The total number of TuMV host records in New Zealand from present and previous reports is fourteen. The new host records belong to the families Brassicaceae, Campanulaceae, Geranieaceae and Iridaceae. Because the previously reported nine plant hosts infected with TuMV were in the family Brassicae, the host records in the Campanulaceae, Geraniaceae and Iridaceae represent an extended range of plant families that are hosts of TuMV in New Zealand.

It was reported that seven TuMV isolates collected from Brassica spp. in New Zealand aligned within the world-B group (Ohshima et al. 2002). The partial 3′-terminus region sequence of the TuMV amplicons obtained in this study aligned with TuMV isolates detected from hosts other than Brassica spp., which also belongs to the world-B group (Tomimura et al. 2004). Interestingly, N. officinale TuMV isolate is similar to Raphanus sativus TuMV isolate NDJ from Japan (NCBI accession AB093616) which is a world-B/Asian-BR recombinant type with the proteinase, nuclear inclusion b (NIb) and coat protein genes belonging to the world-B group while the rest of the genome is part of the Asian-BR group (Tomimura et al. 2003). Similarly, T. majus TuMV isolate is closest to Lactuca sativa TuMV isolate DEU7 from Germany (NCBI accession AB188980), a world-B/basal-B recombinant type with recombination in the protein 1 gene only (Tomimura et al. 2004).

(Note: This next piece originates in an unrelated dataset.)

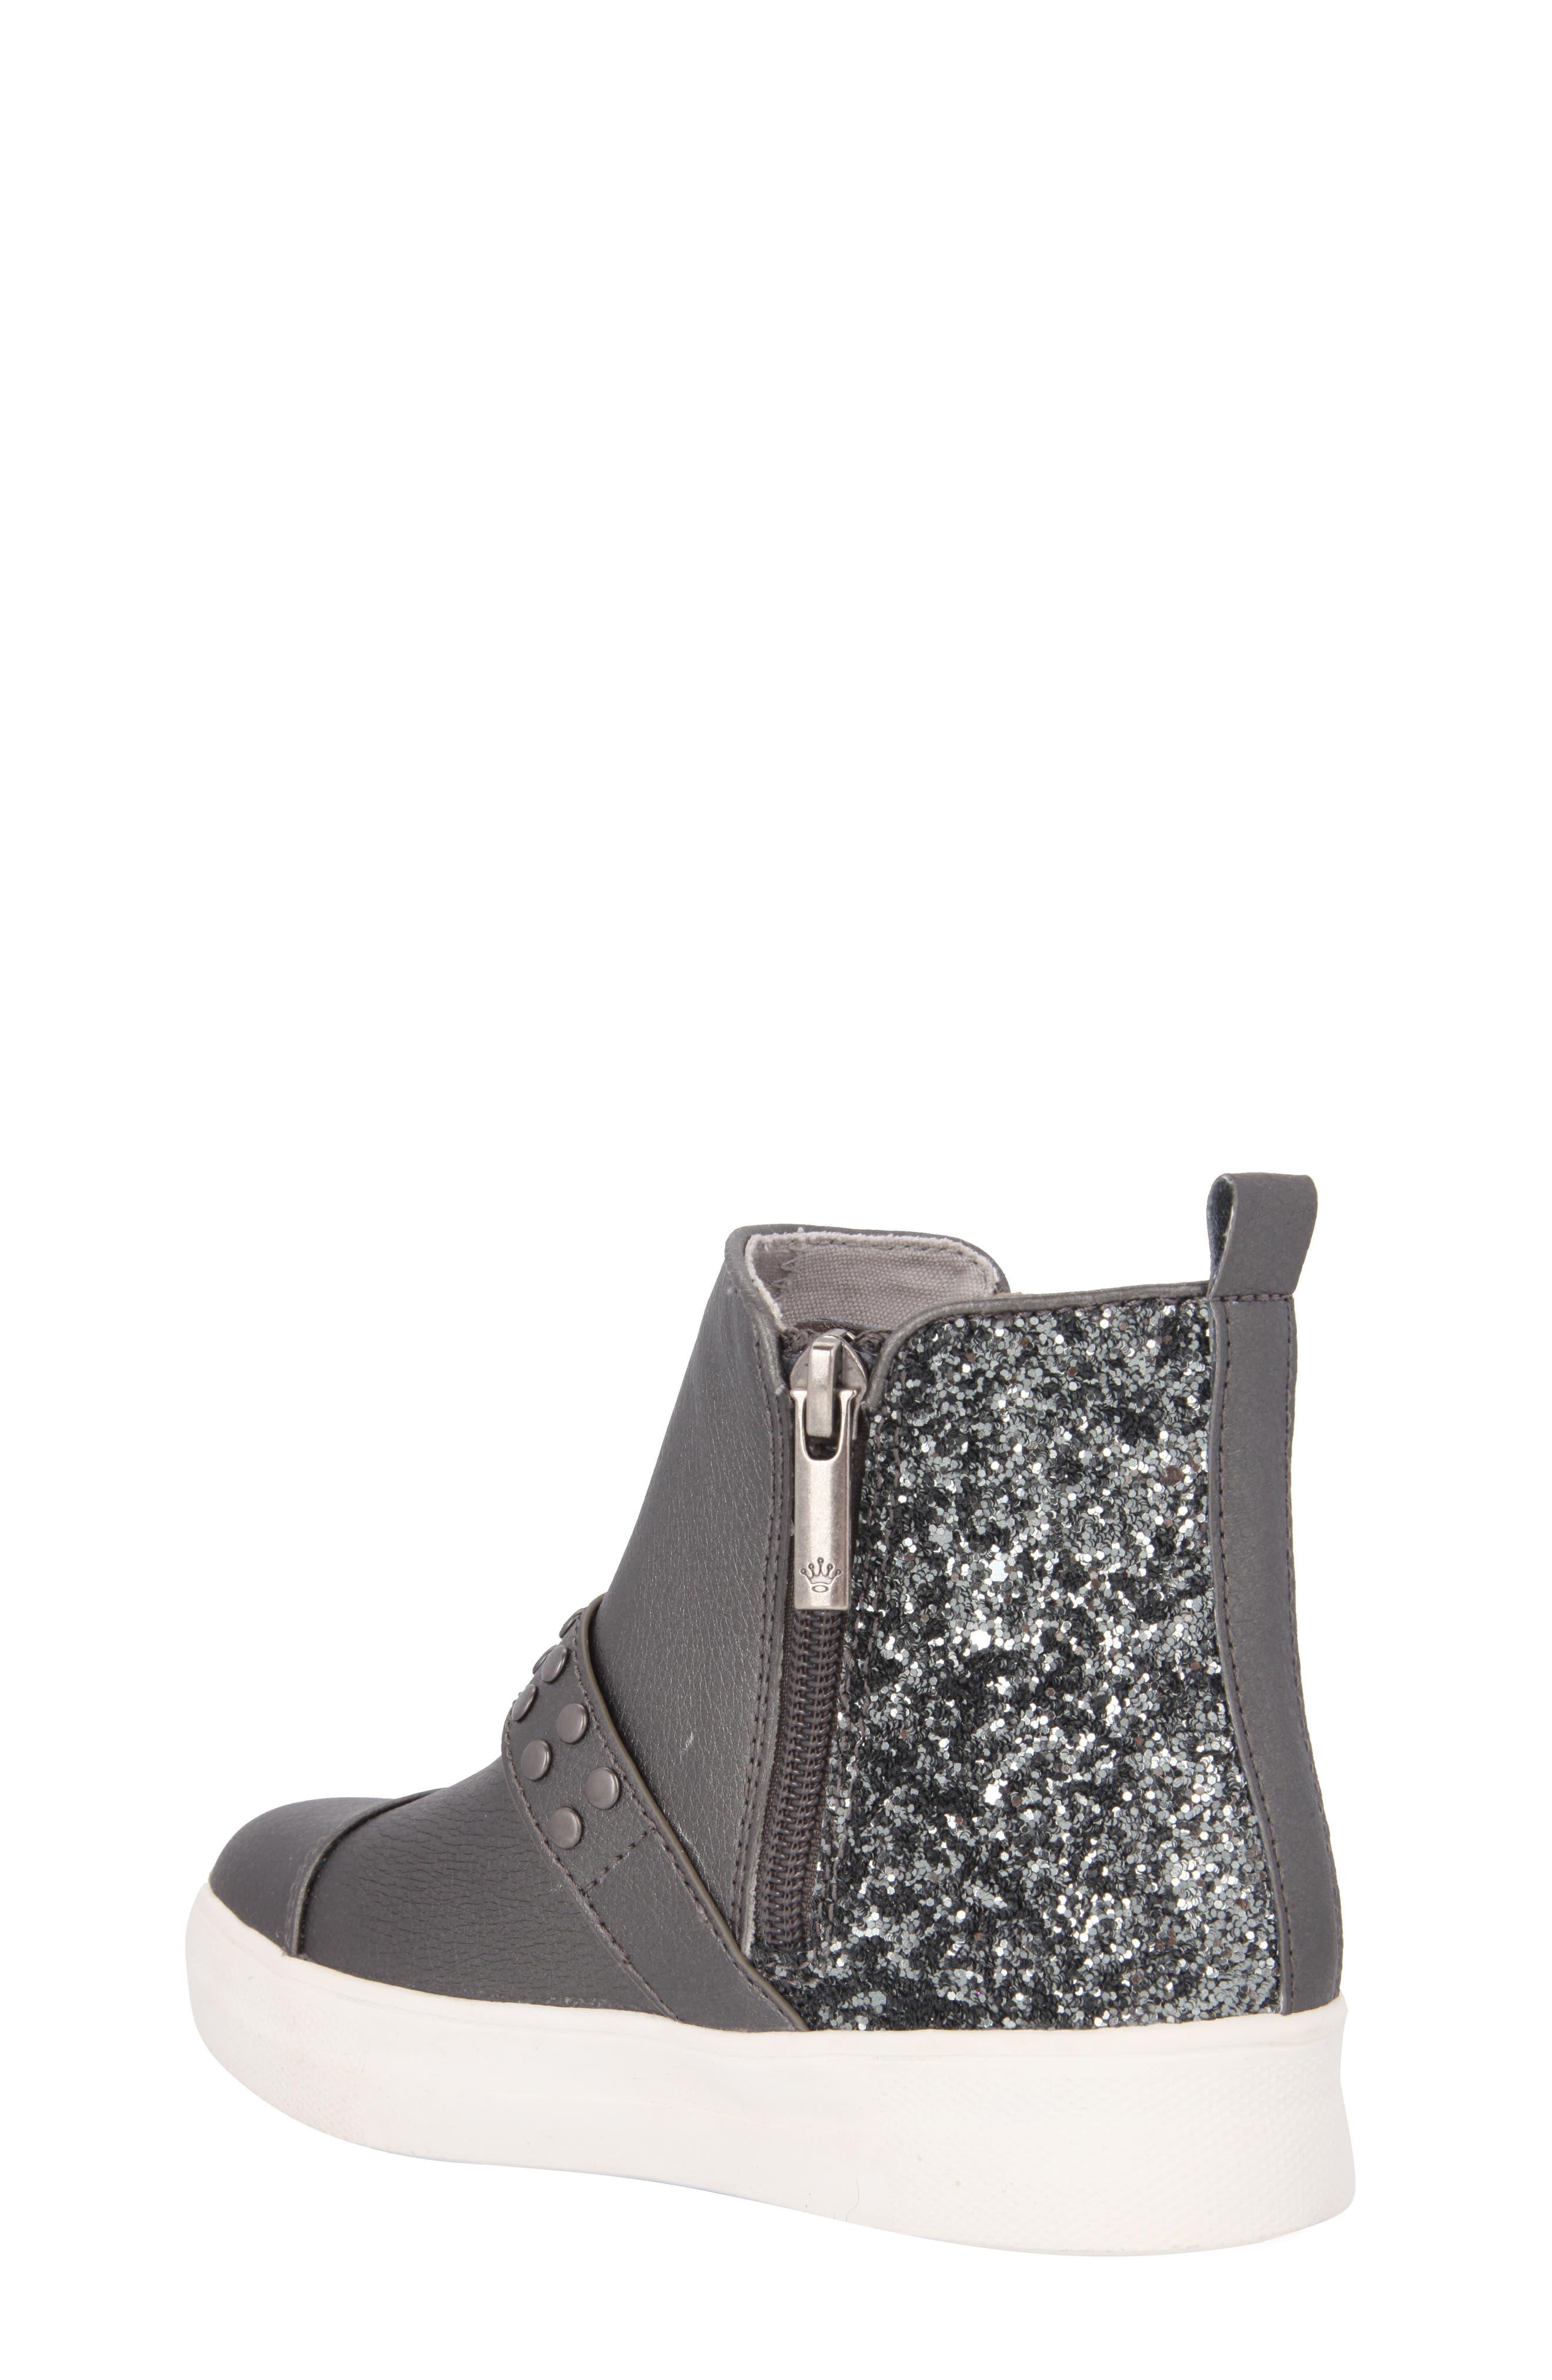 Pammela Glittery High Top Sneaker,                             Alternate thumbnail 2, color,                             Metallic Pewter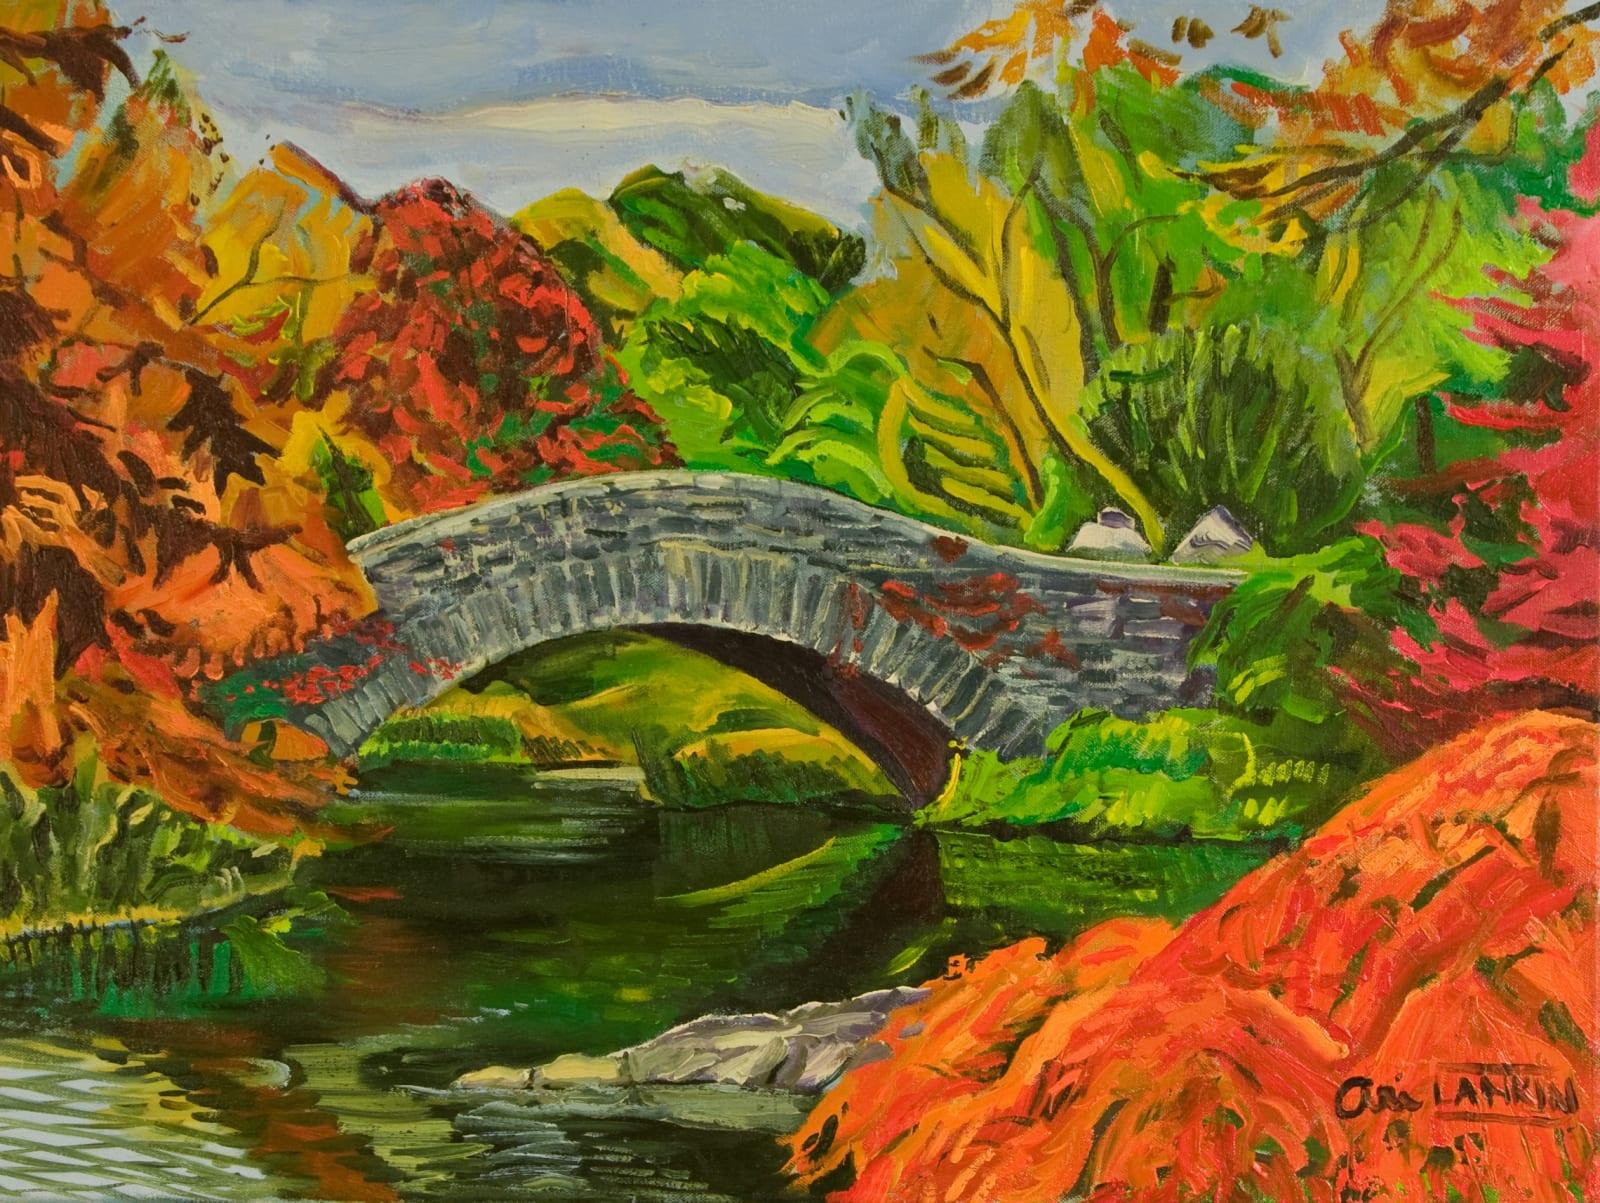 Ari Lankin, Gapstow Bridge, Central Park, 2015

TuMV is not transmitted by seed but is transmitted in a non-persistent manner by 40–50 insect species. Myzus persicae and Brevicoryne brassicae (Aphididae) are the most efficient vectors (Provvidenti 1983), both of which are present in New Zealand (Cottier 1953). The ability of TuMV to be vectored by numerous aphid species facilitates the movement of this virus to new hosts. TuMV can cause serious biological damage to its hosts such as Brassica spp. (Tomlinson 1970) and on Crocus sativus (Fig. 1a), Erodium moschatum (Fig. 1b), and Nasturtium officinale (Fig. 1d) as reported here. TuMV has the ability to form recombinants which are widespread and can lead to emerging TuMV isolates with new biological properties (Ohshima et al. 2002; Tomimura et al. 2004). An increase in the number of hosts infected by TuMV in New Zealand is expected.